[Opening INFORMATION SHOWN section]

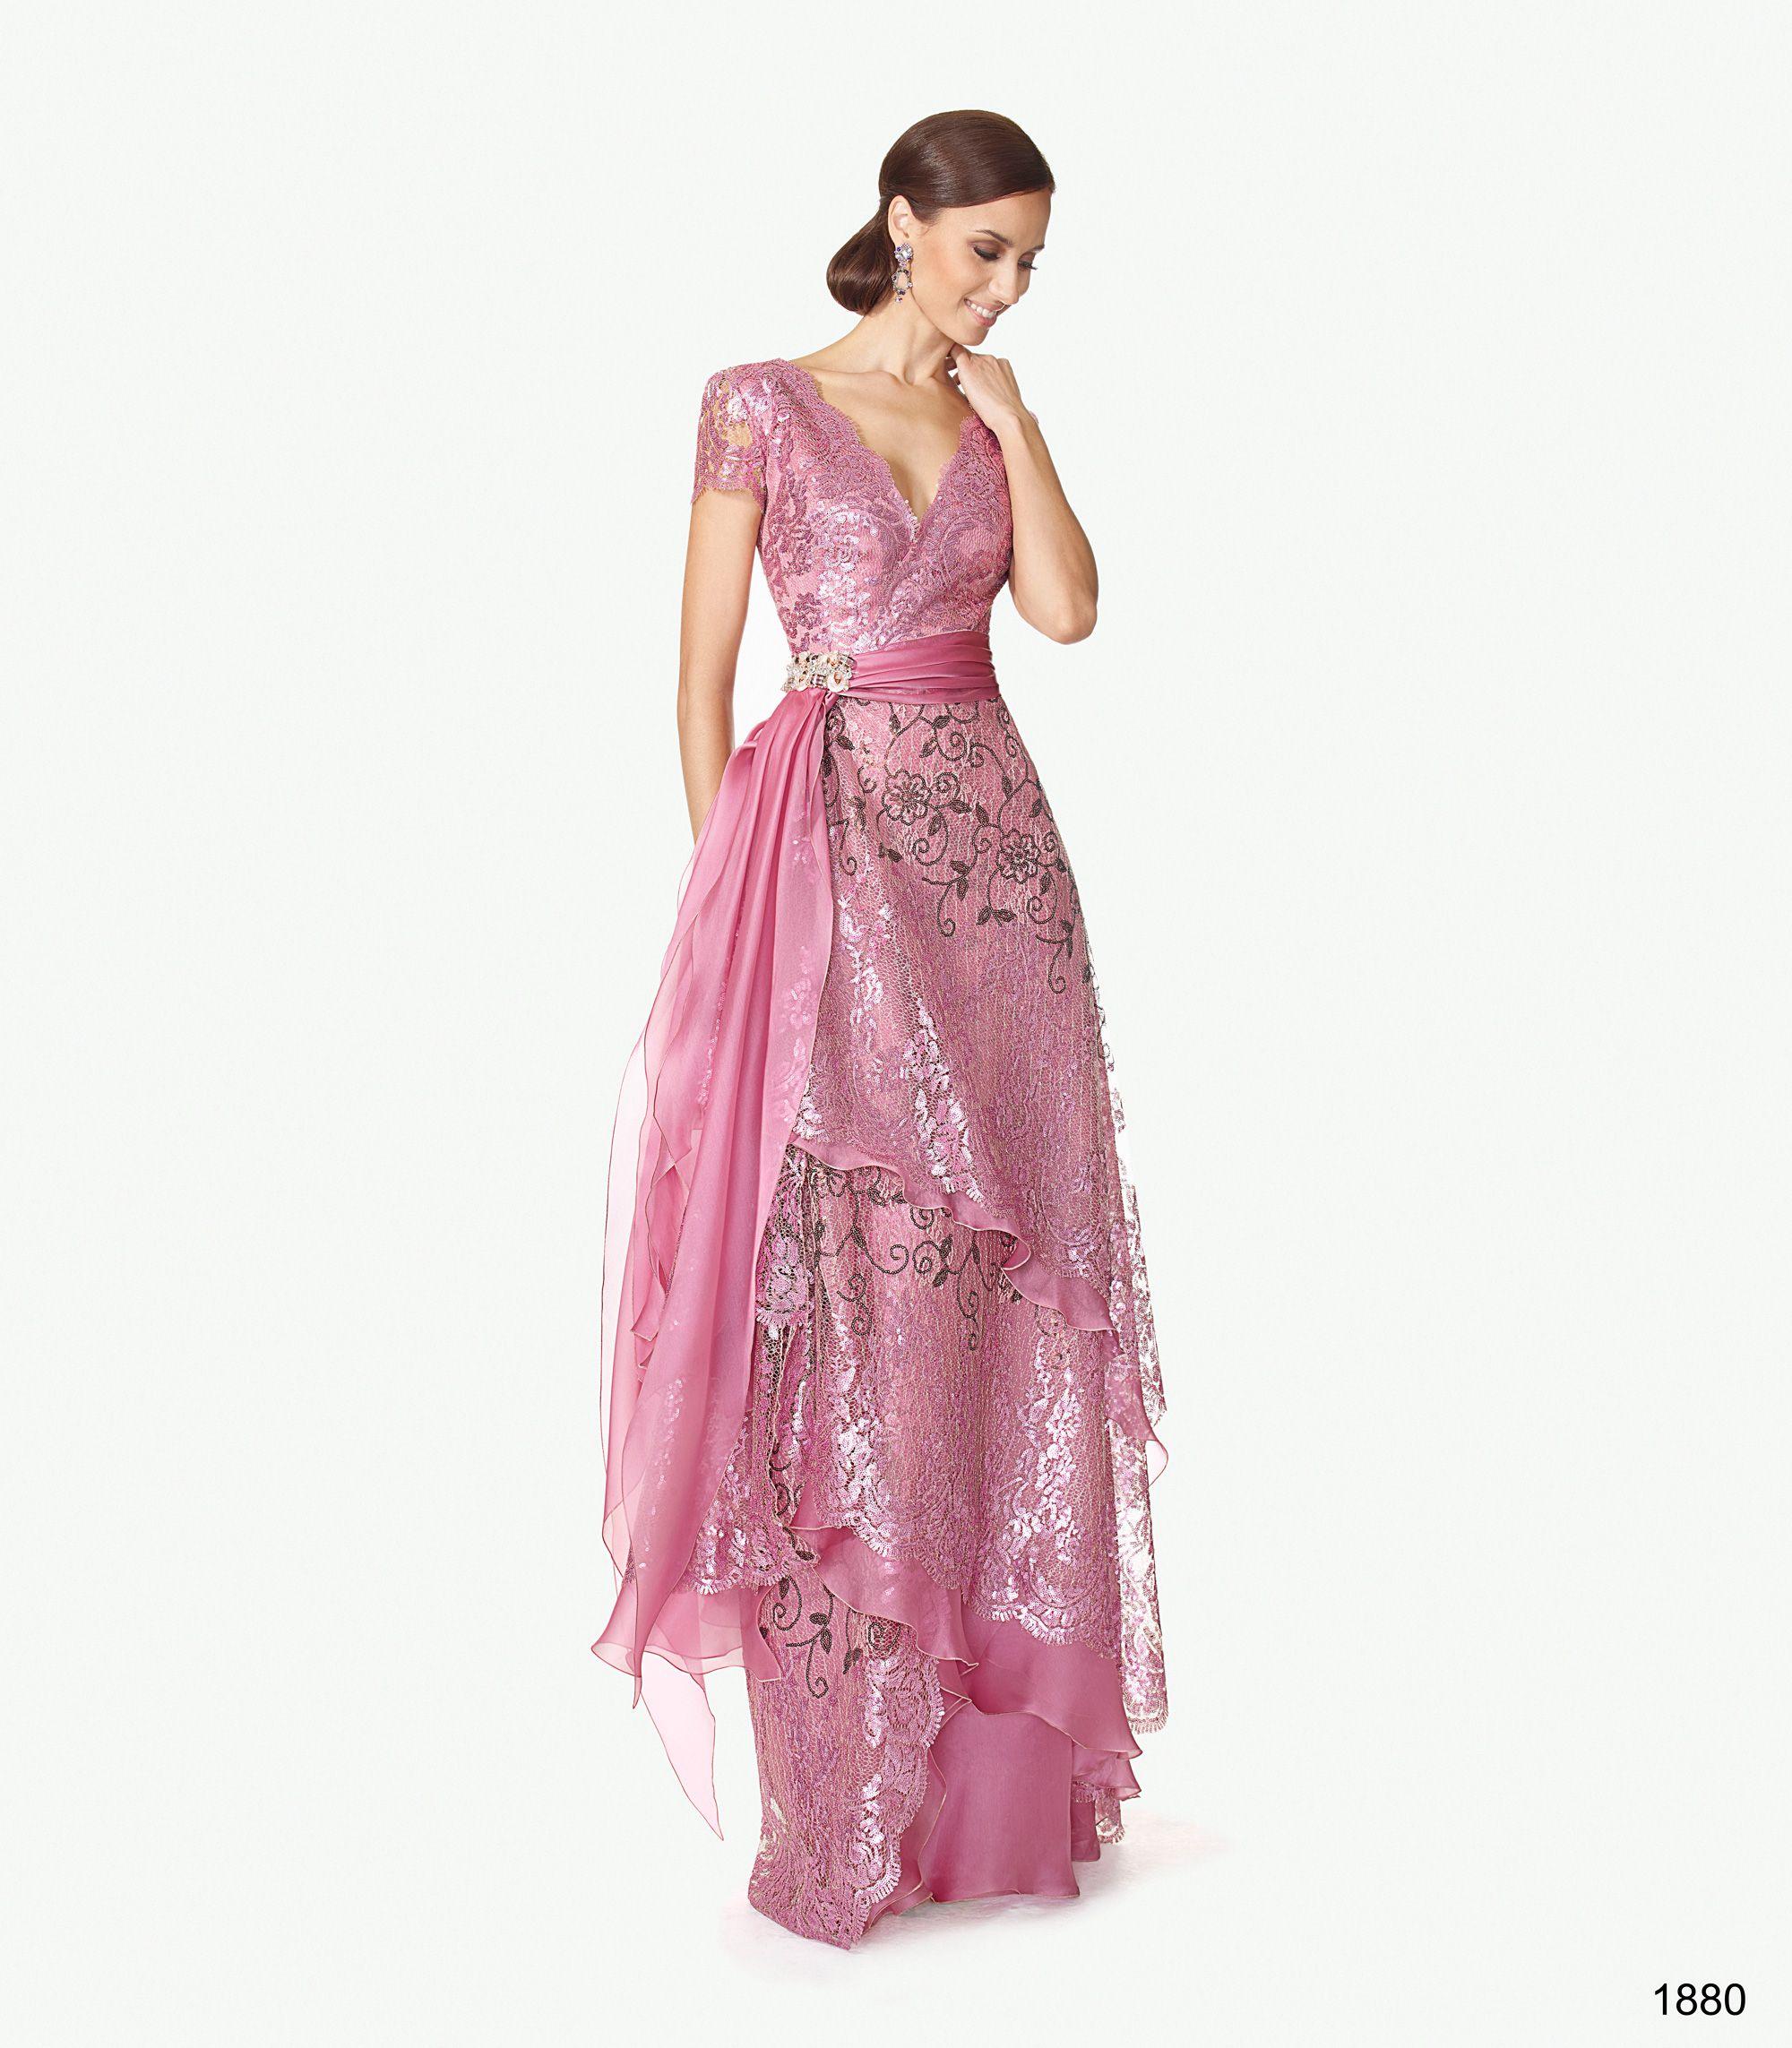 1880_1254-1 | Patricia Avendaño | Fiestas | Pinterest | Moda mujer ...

[Closing INFORMATION SHOWN section]
[Opening INFORMATION SHOWN section]

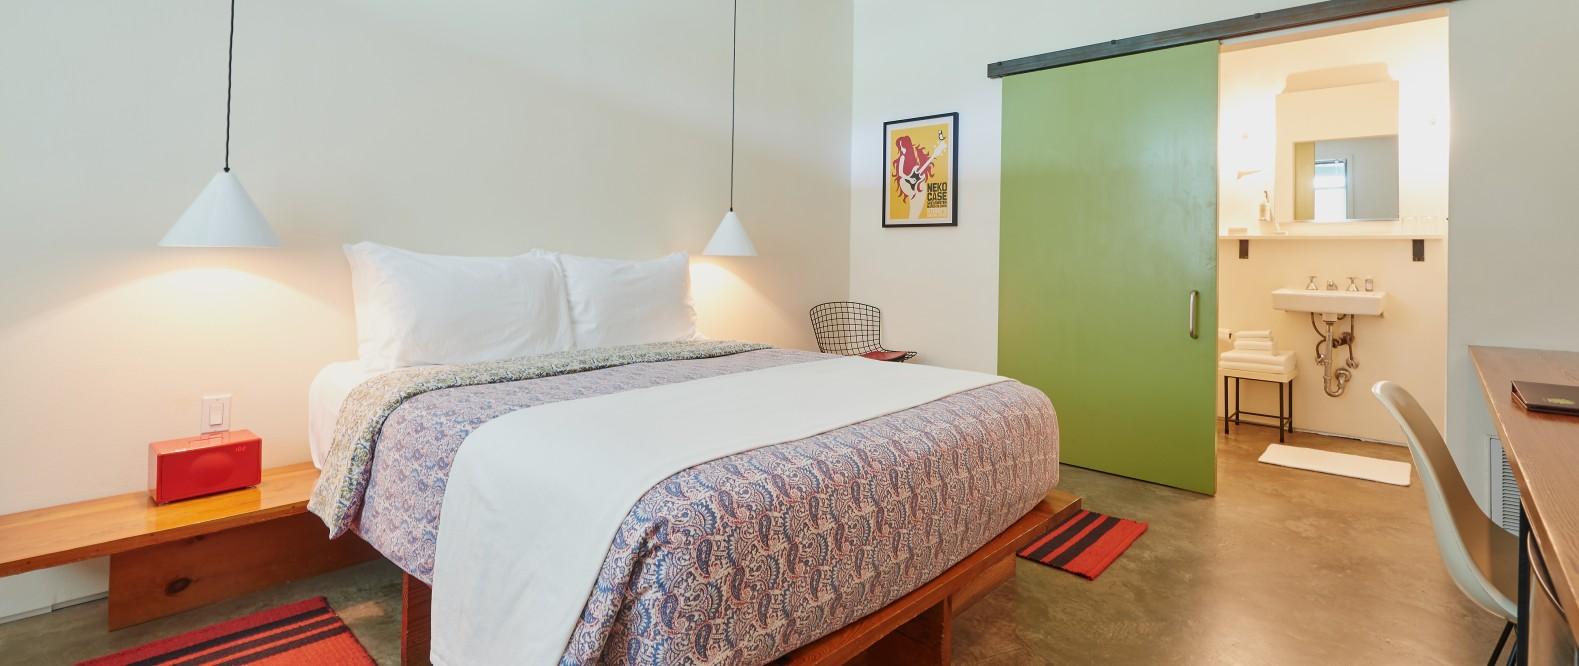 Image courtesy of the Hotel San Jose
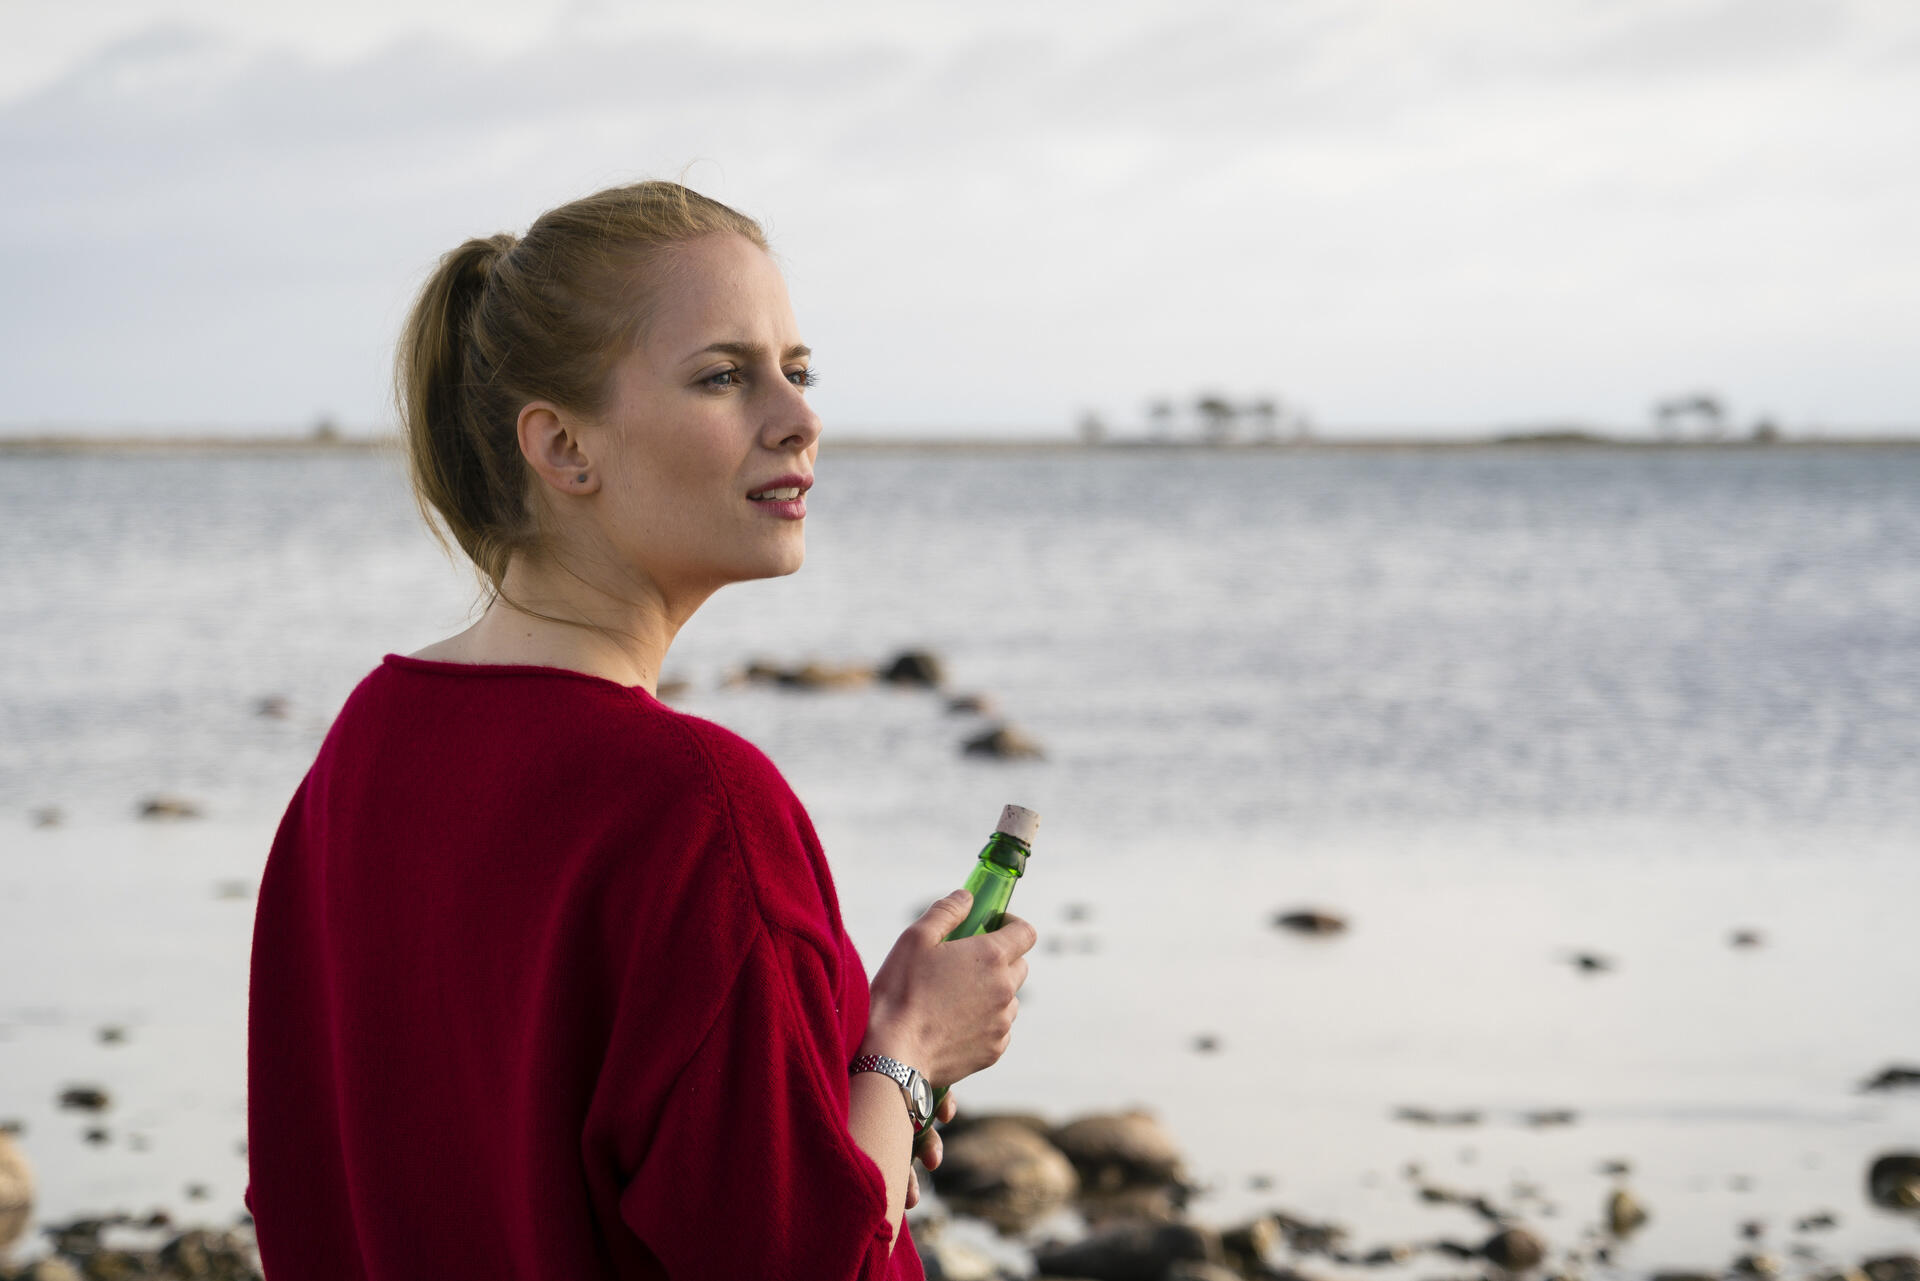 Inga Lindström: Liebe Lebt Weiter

[Closing INFORMATION SHOWN section]

EXERCISE REQUIREMENTS — Starting with the line that has "Image courtesy of the Hotel San Jose" and going on through the line that has "Inga Lindström: Liebe Lebt Weiter", transcribe the records above exactly, but skip the pictures.

COMPLETED EXERCISE —
 Image courtesy of the Hotel San Jose
 Inga Lindström: Liebe Lebt Weiter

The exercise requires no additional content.